Reorganization of Destabilized Nodes of Ranvier in βIV Spectrin Mutants Uncovers Critical Timelines for Nodal Restoration and Prevention of Motor Paresis

Disorganization of nodes of Ranvier is associated with motor and sensory dysfunctions. Mechanisms that allow nodal recovery during pathological processes remain poorly understood. A highly enriched nodal cytoskeletal protein beta IV spectrin anchors and stabilizes the nodal complex to actin cytoskeleton. Loss of murine beta IV spectrin allows the initial nodal organization, but causes gradual nodal destabilization. Mutations in human beta IV spectrin cause auditory neuropathy and impairment in motor coordination. Similar phenotypes are caused by nodal disruption due to demyelination. Here we report on the precise timelines of nodal disorganization and reorganization by following disassembly and reassembly of key nodal proteins in beta IV spectrin mice of both sexes before and after beta IV spectrin re-expression at specifically chosen developmental time points.

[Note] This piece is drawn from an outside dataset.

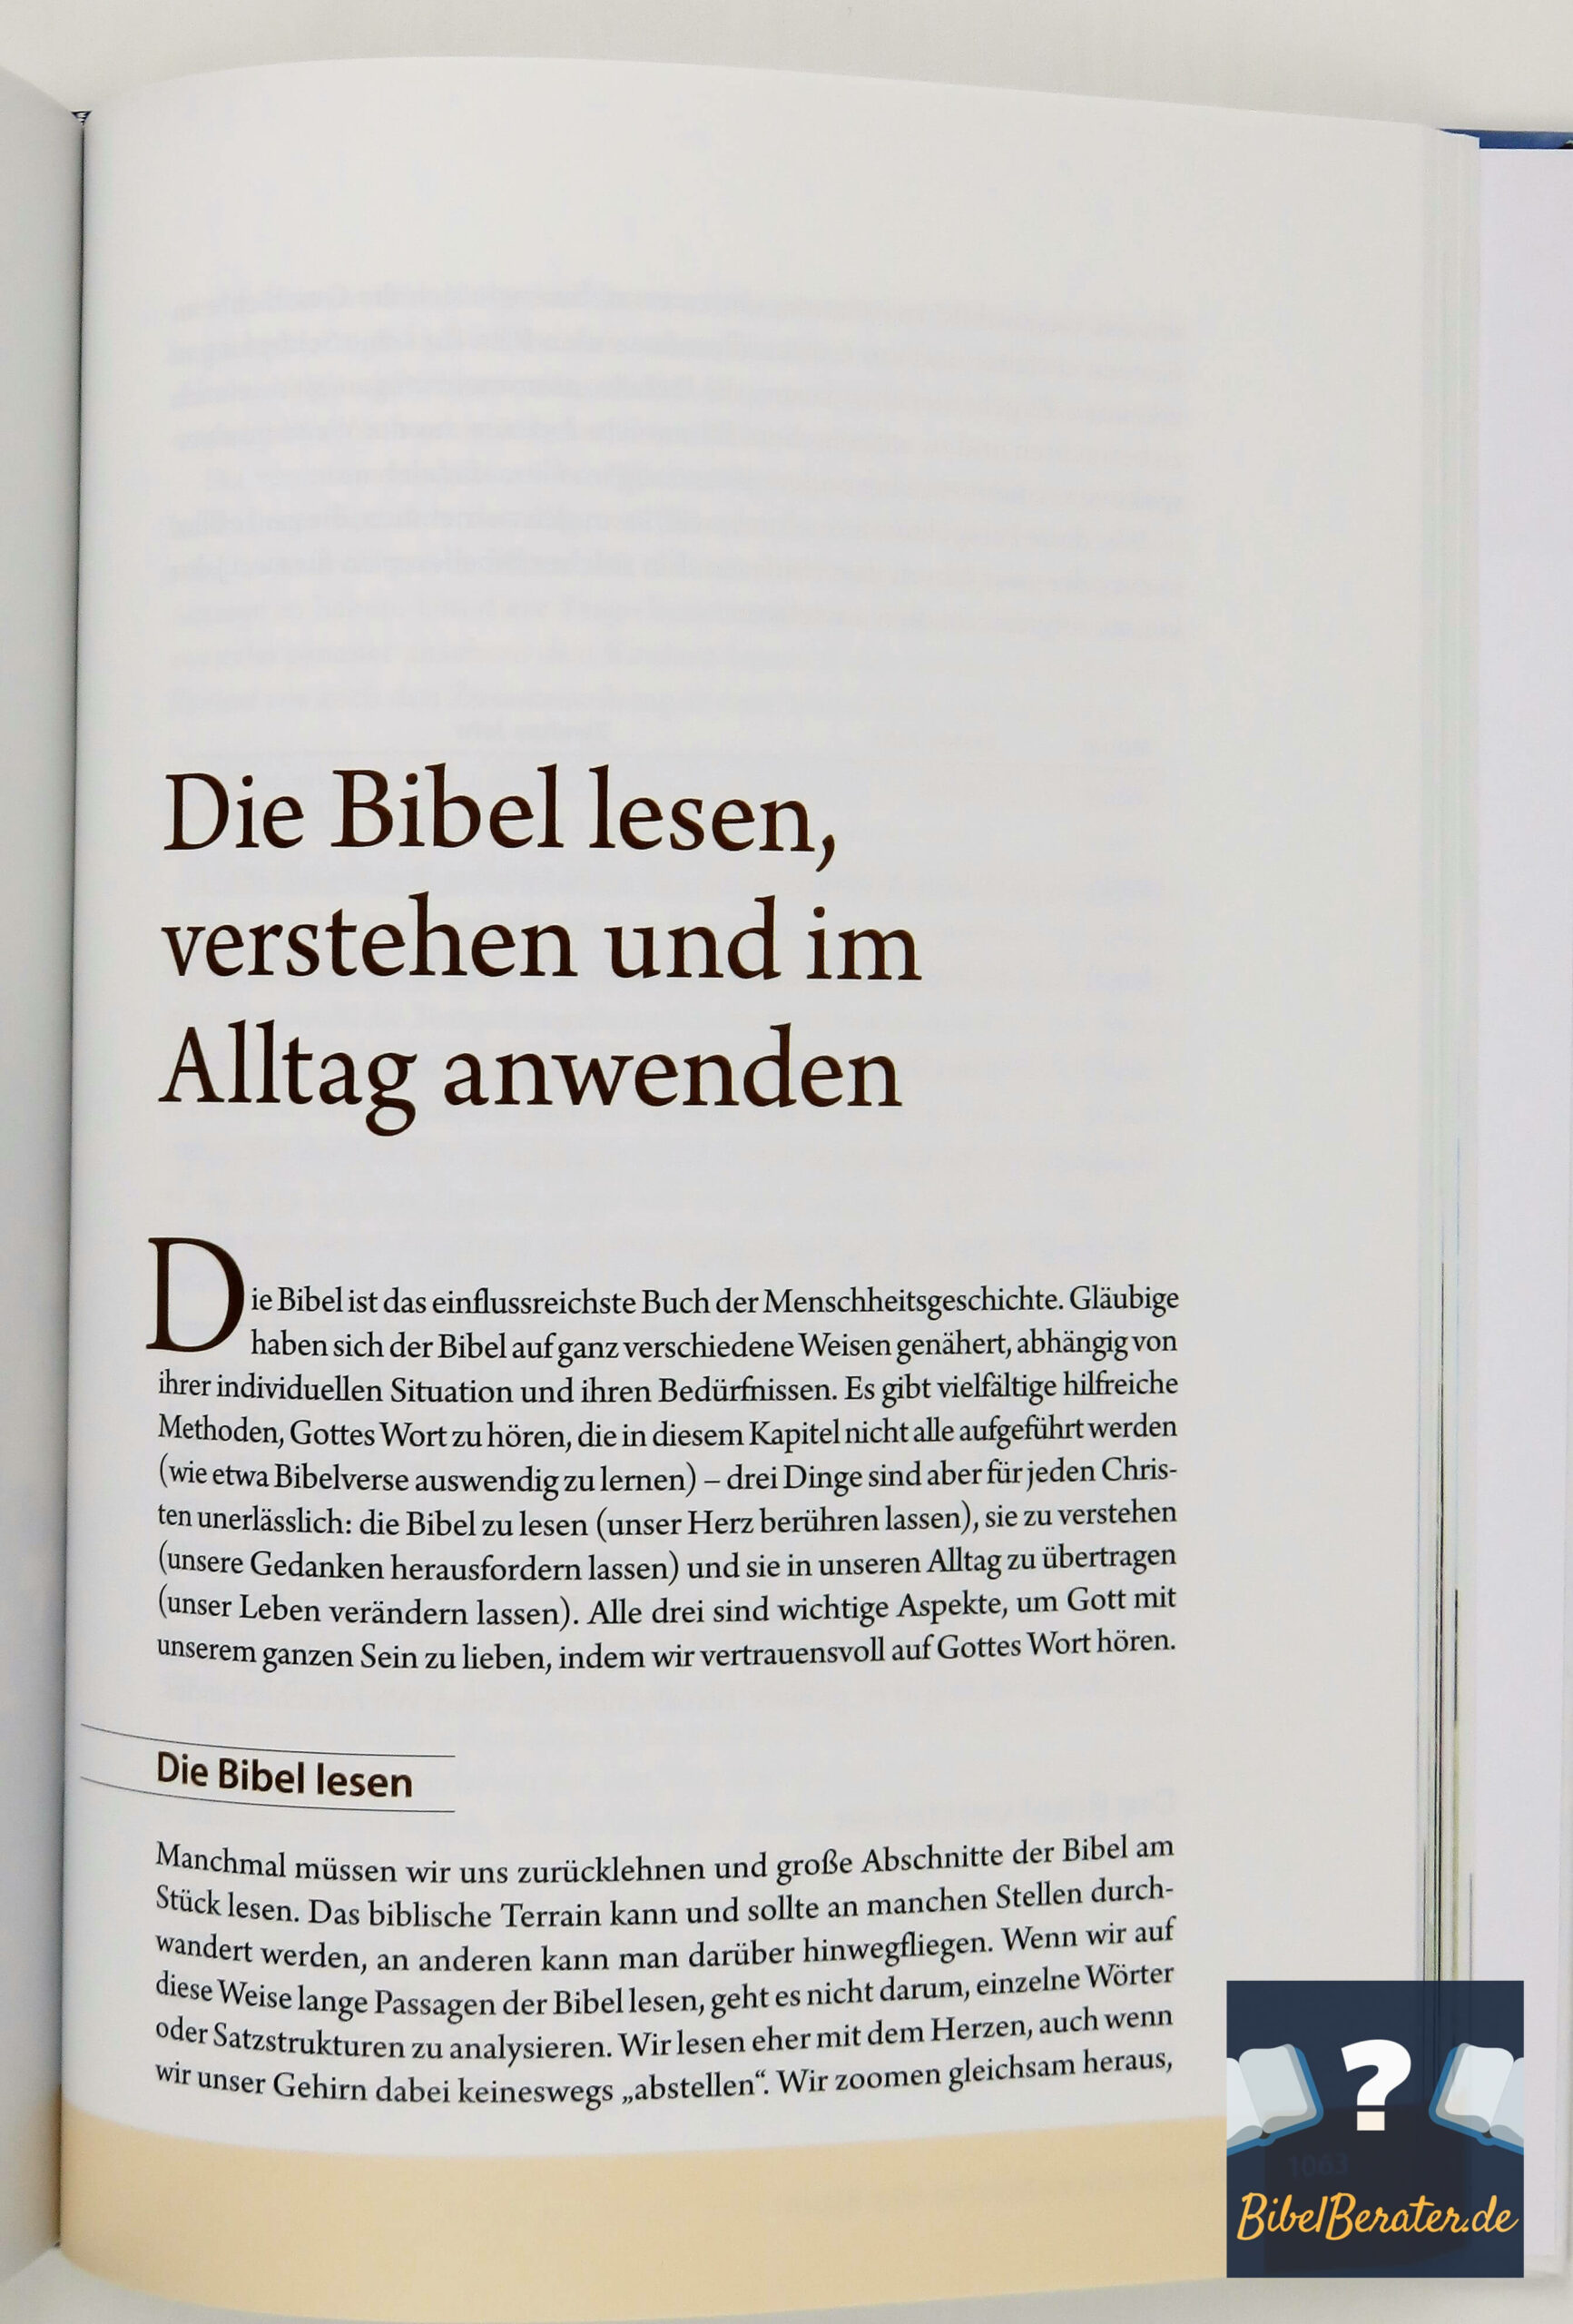 Das illustrierte Handbuch zur Bibel - Bibel Einführung

We show that the timeline of nodal restoration has different outcomes in the PNS and CNS with respect to nodal reassembly and functional restoration. In the PNS, restoration of nodes occurs within 1 month regardless of the time of beta IV spectrin re-expression. In contrast, the CNS nodal reorganization and functional restoration occurs within a critical time window; after that, nodal reorganization diminishes, leading to less efficient motor recovery. We demonstrate that timely restoration of nodes can improve both the functional properties and the ultrastructure of myelinated fibers affected by long-term nodal disorganization. Our studies, which indicate a critical timeline for nodal restoration together with overall motor performance and prolonged life span, further support the idea that nodal restoration is more beneficial if initiated before any axonal damage, which is critically relevant to demyelinating disorders.